What exactly is the treatment for shock?

Occasionally, I will read or hear in a news story that someone was taken for the hospital and “treated for shock.” For example, if a dragon turned up downtown and bit someone’s head clean off, the newspaper would say: “The victim was dead at the scene and several witnesses were treated for shock.”

What is involved in this treatment typically? For the sake of argument, let’s say I was a witness to the death by dragon. What would they do to me?

Shock is decreased tissue perfusion along with impaired cellular metabolism. It’s generally associated with circulatory collapse, with falling blood pressure, and lack of oxygenation of all tissues. Treatment is directed at restoring blood pressure and tissue perfusion. So the treatment should be aimed at the cause of the shock.

If one is going into shock because of extreme blood loss (hypovolemic shock), replacing blood and fluids is paramount.

If one is shocky due to an overwhelming infection causing the vascular system to dilate and leak vital fluids into the body (septic shock), one must fight the infection and use drugs to constrict the blood vessels, and replace lost fluids that way.

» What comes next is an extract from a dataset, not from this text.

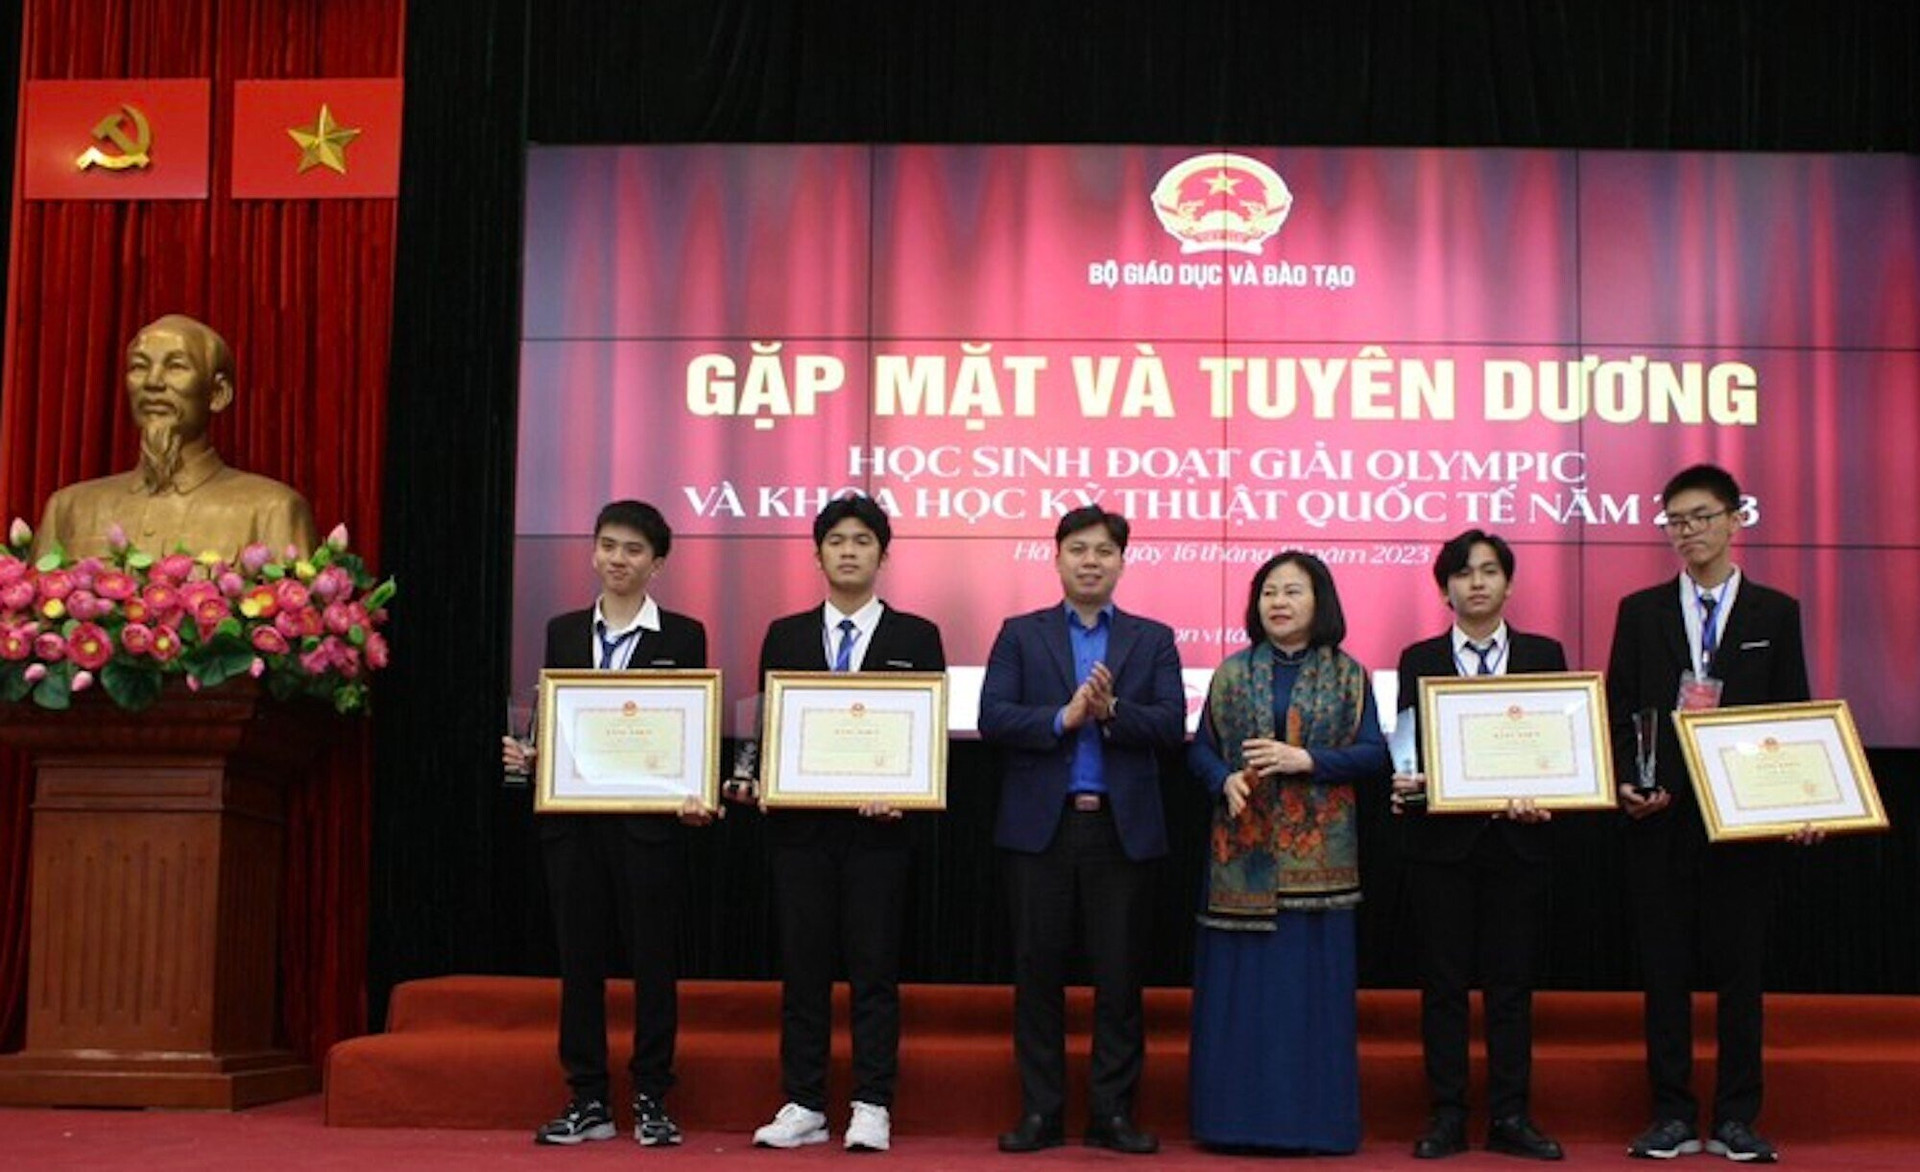 Thứ trưởng Ngô Thị Minh (giữa) trao bằng khen của Bộ trưởng GD&ĐT cho các học sinh. (Ảnh: Bộ GD&ĐT)
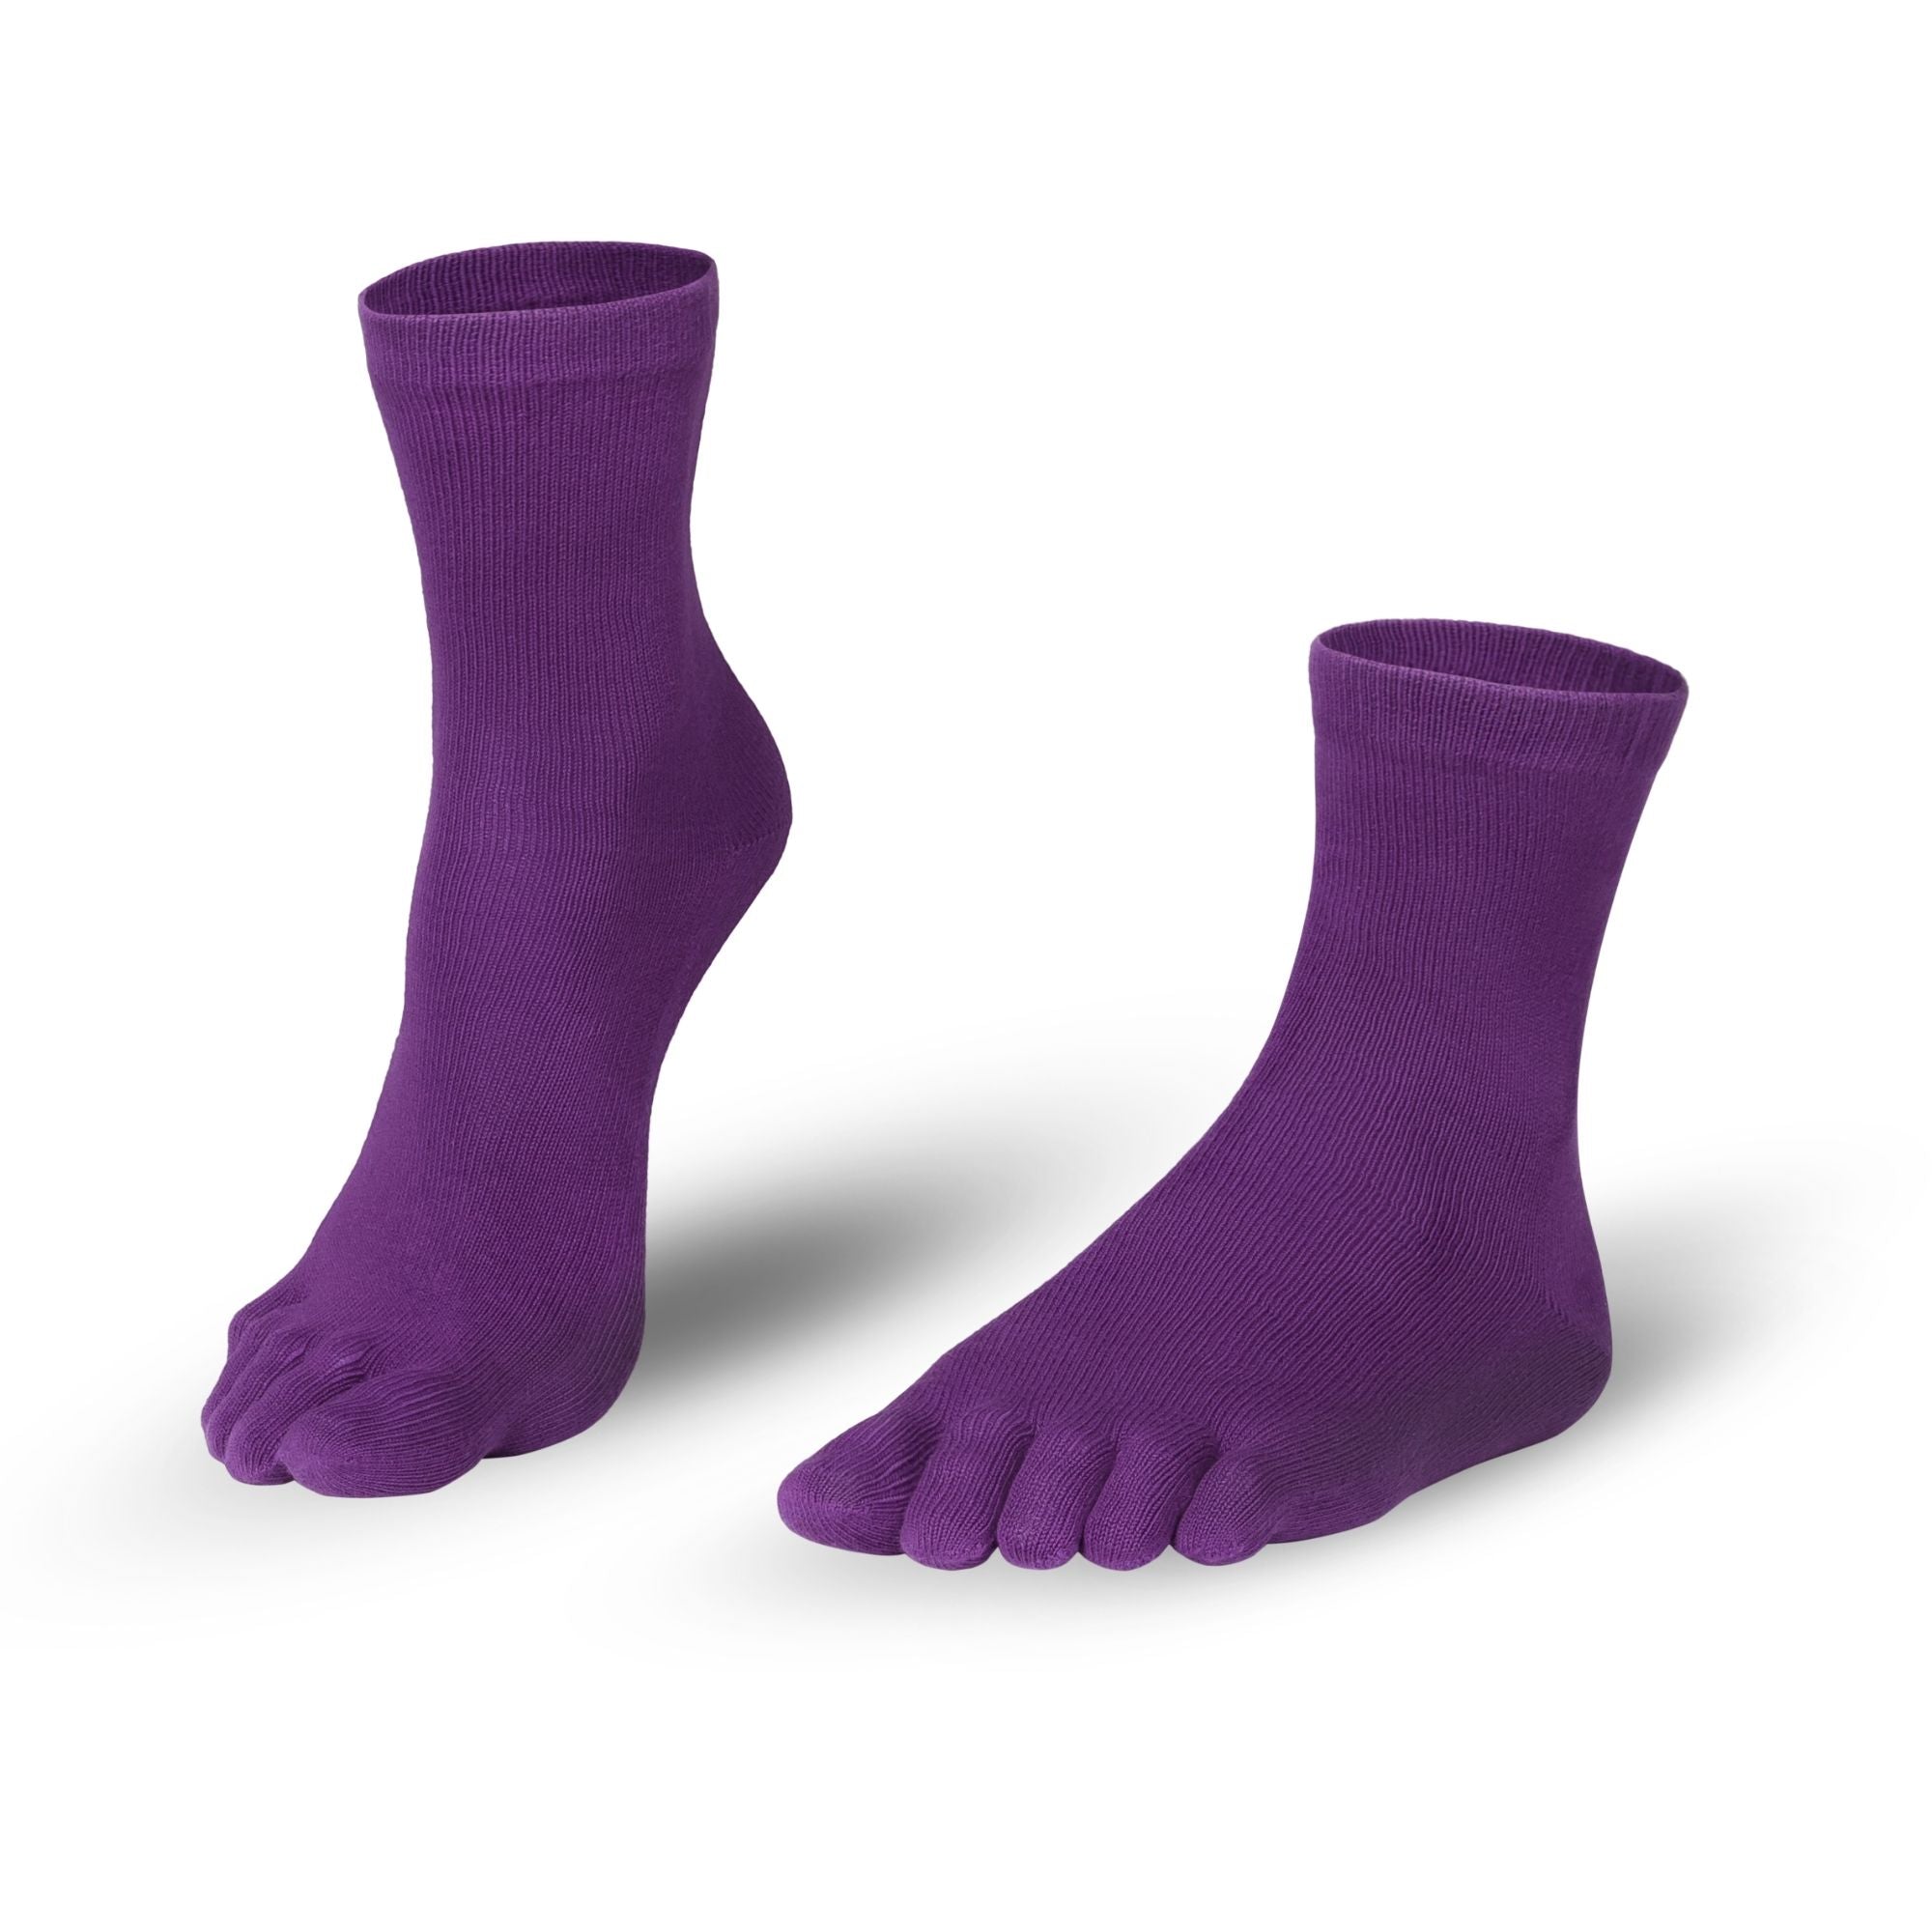 Katoenenteensokken sokken in lichtgrijs voor mannen en vrouwen

Cardiogenic shock is due to the heart failing to pump blood adequately enough to perfuse the tissue. This may be due to massive heart attack, sudden rupture of heart valves or heart wall, or a buildup of fluid around the heart. Treatment is directed at the underlying cause here too.

A wide variety of other causes of shock exist, with their particular treatments. Neurogenic, anaphylactic, etc.

Best treatment in the field: Stop any obvious bleeding, keep 'em warm, ensure an open airway, elevate their limbs higher than their heart, and get a rescue squad there to give oxygen and fluids as appropriate, and transport them to the nearest ER.

Oh, and take that crayon out of their mouth, too.

Typed “treatment for shock” into Google,

this is the first hit
and
this is the second hit

And, what Qadgop said.

So, it sounds very much to me, (and this fits with what I already understand,) that the ‘shock’ medical people will treat you for is a complication of serious wounds you get yourself, not being horribly startled at something that you’ve seen happening to somebody else.

In the context of the OP’s newpaper story, then, if the witnesses were treated for shock, then they probably weren’t just witnesses to the entire attack - they might have been witnesses to the head-biting part, who also got mauled a little bit by the dragon as he left?

I suspect the dragon-observers in the OP’s news item were stressed out or hyperventilated or swooned, and were evaluated and told to breath into a paper bag or similar. I’d attribute their being ‘treated for shock’ as 4th estate hyperbole at best.

Hyperventilation and vaso-vagal syncope rarely if ever develop into actual medical shock by themselves.

In the general pathology part of my textbook, heavily borrowed from the human pathology textbook, it mentions underneath neurogenic shock (one of the types of shock) that it can be caused by fear. Now, nowhere does it explain what this “fear” is, and no further explanation is given. I assume it has more importance in the human side than in the animal side.

Qadgop, do you know about this?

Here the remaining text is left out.